Merge pull request #180 from arangodb-helper/design/upgrade-procedure

ewoutp · web-flow · commit ddb27eb694f9 · 2018-07-16T13:55:07.000+02:00
Documented changed upgrade procedure design
diff --git a/docs/upgrade_spec.md b/docs/upgrade_spec.md
@@ -21,33 +21,64 @@ If the deployment mode is `single`, the Starter will:
   The server will perform the auto-upgrade and then stop.
   After that the Starter will automatically restart it with its normal arguments.
 
-If the deployment mode is `activefailover`, the Starters will:
+If the deployment mode is `activefailover` or `cluster` the Starters will:
 
 - Perform a version check on all servers, ensuring it supports the upgrade procedure.

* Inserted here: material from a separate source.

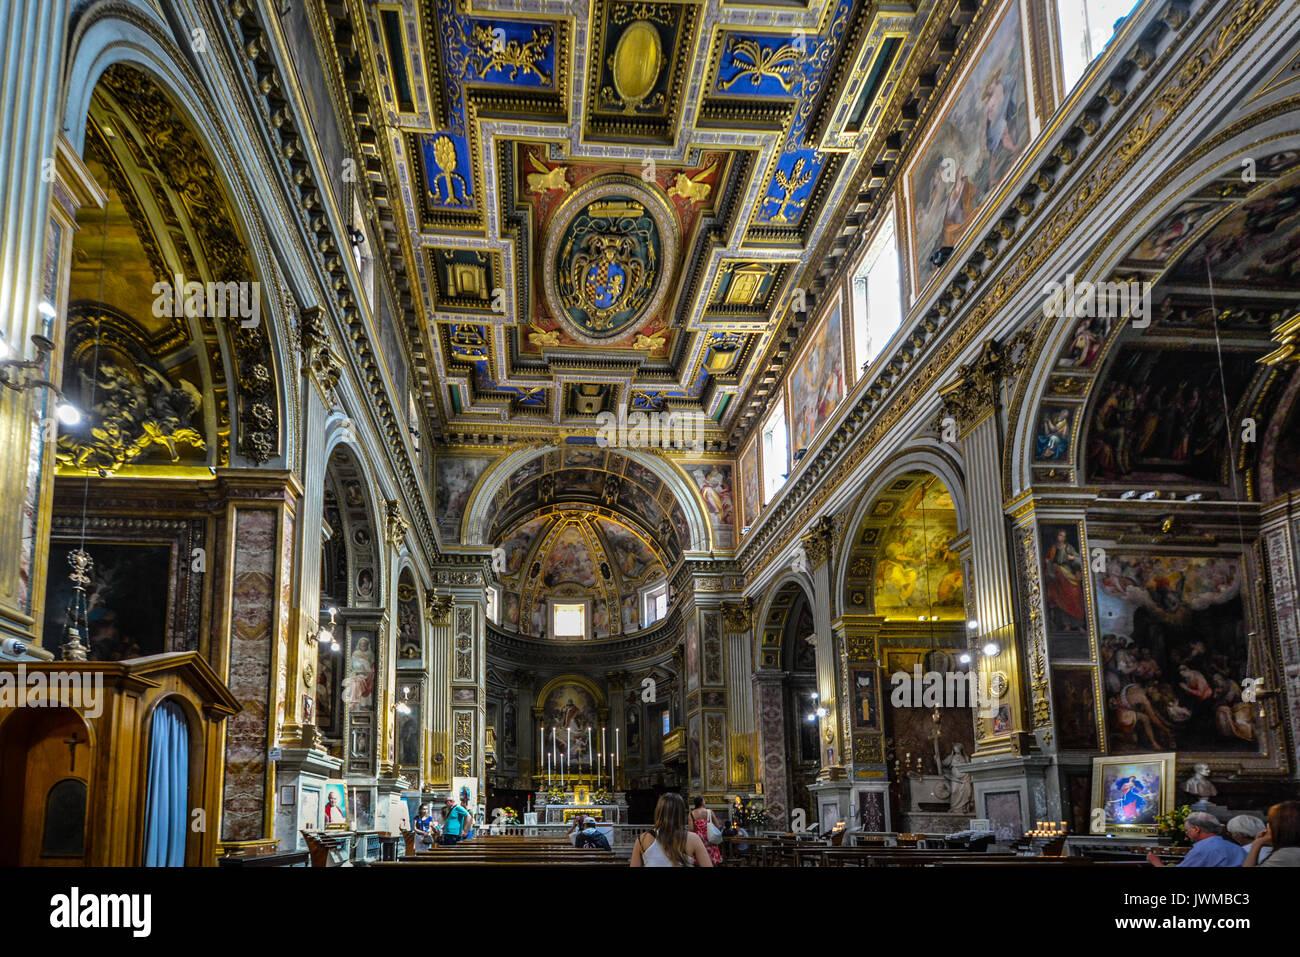 Innenraum von St. Marcello Al Corso Kirche in Rom Italien Stockbild

   TODO: Specify minimal patch version for 3.2, 3.3 & 3.4,
 - Turning off supervision in the Agency and wait for it to be confirmed.

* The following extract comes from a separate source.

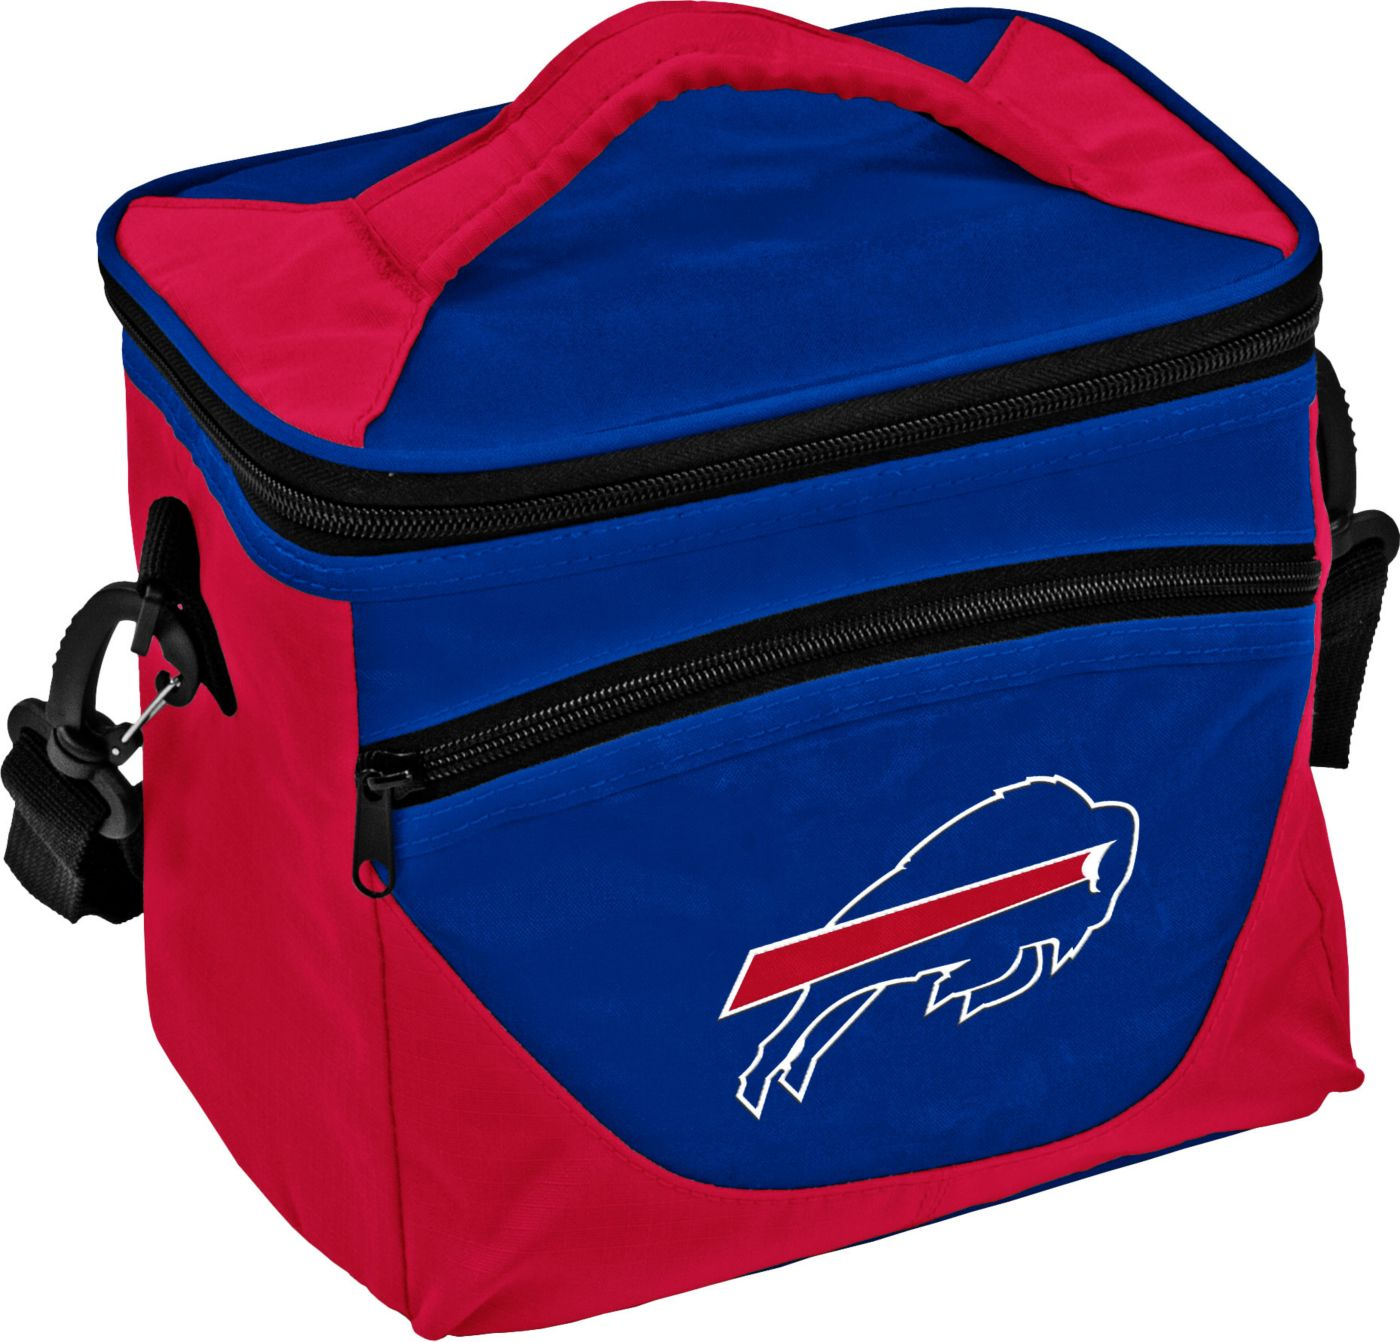 Buffalo Bills Halftime Lunch Cooler

-- Restarting one agent at a time with an additional `--database.auto-upgrade=true` argument.
-  The agent will perform the auto-upgrade and then stop.
-  After that the Starter will automatically restart it with its normal arguments.

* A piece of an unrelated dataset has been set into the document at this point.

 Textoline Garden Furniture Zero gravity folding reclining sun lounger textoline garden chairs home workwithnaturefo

-- Restarting one resilient single server at a time with an additional `--database.auto-upgrade=true` argument.
-  This server will perform the auto-upgrade and then stop.
-  After that the Starter will automatically restart it with its normal arguments.
-- Turning on supervision in the Agency and wait for it to be confirmed.
+- Create an upgrade plan and store it in the agency.
+  The plan consists of upgrade entries for all agents,
+  followed by upgrade entries for all single servers (in case of `activefailover`),
+  followed by upgrade entries for all dbservers (in case of `cluster`),
+  followed by upgrade entries for all coordinators (in case of `cluster`),
+  followed by upgrade entries for all sync masters (in case of `cluster` & sync),
+  followed by upgrade entries for all sync workers (in case of `cluster` & sync),
+  followed by an entry to re-enable agency supervision.
 
-If the deployment mode is `cluster`, the Starters will:
+Every Starter will monitor the agency for an upgrade plan.
+As soon as it detects an upgrade plan, it will inspect the first entry
+of that plan.
 
-- Perform a version check on all servers, ensuring it supports the upgrade procedure.
-  TODO: Specify minimal patch version for 3.2, 3.3 & 3.4,
-- Turning off supervision in the Agency and wait for it to be confirmed.
-- Restarting one agent at a time with an additional `--database.auto-upgrade=true` argument.
-  The agent will perform the auto-upgrade and then stop.
-  After that the Starter will automatically restart it with its normal arguments.
-- Restarting one dbserver at a time with an additional `--database.auto-upgrade=true` argument.
-  This dbserver will perform the auto-upgrade and then stop.
-  After that the Starter will automatically restart it with its normal arguments.
-- Restarting one coordinator at a time with an additional `--database.auto-upgrade=true` argument.
-  This coordinator will perform the auto-upgrade and then stop.
-  After that the Starter will automatically restart it with its normal arguments.
-- Turning on supervision in the Agency and wait for it to be confirmed.
+If the first entry involves a server that is under control of this Starter,
+it will restart the server once with an additional
+`--database.auto-upgrade=true` argument.
+This server will perform the auto-upgrade and then stop.
+The Starter will wait for this server to terminate and restart it with all
+the usual arguments.
+
+Once the Starter has confirmed that the newly started server is up and running,
+it will remove the first entry from the upgrade plan.
+
+If the first entry of the upgrade plan is a re-enable agency supervision
+item, the leader Starter will re-enable agency supervision and mark
+the upgrade plan as ready.
+
+## Upgrade state inspection
+
+A new API will be added to inspect the current state of the upgrade process.
+
+This API will be a `GET` request to `/database-auto-upgrade`, resulting in
+a JSON object with the following fields:
+
+- `ready` a boolean that is `true` when the plan has been finished succesfully,
+  or `false` otherwise.
+- `failed` a boolean that is `true` when the plan has resulted in an
+  upgrade failure, or `false` otherwise.
+- `reason` a string that describes the state of the upgrade plan in a
+  human readable form.
+- `servers_upgraded` an array containing objects describing the servers that have
+  been upgraded.
+- `servers_remaining` an array containing objects describing the servers that
+  have not yet been upgraded.
+
+## Failures
+
+If the upgrade procedure of one of the servers fails (for whatever reason),
+the Starter that performs that part of the procedure will mark the
+first entry of the upgrade plan as failed.
+No Starter will act on an upgrade plan entry that is marked failed.
+
+A new API will be added to remove the failure flag from the first entry
+of an upgrade plan, such that the procedure can be retried.
 
-Once all servers in the starter have upgraded, repeat the procedure for the next starter.
+This API will be a `POST` request to `/database-auto-upgrade/retry`.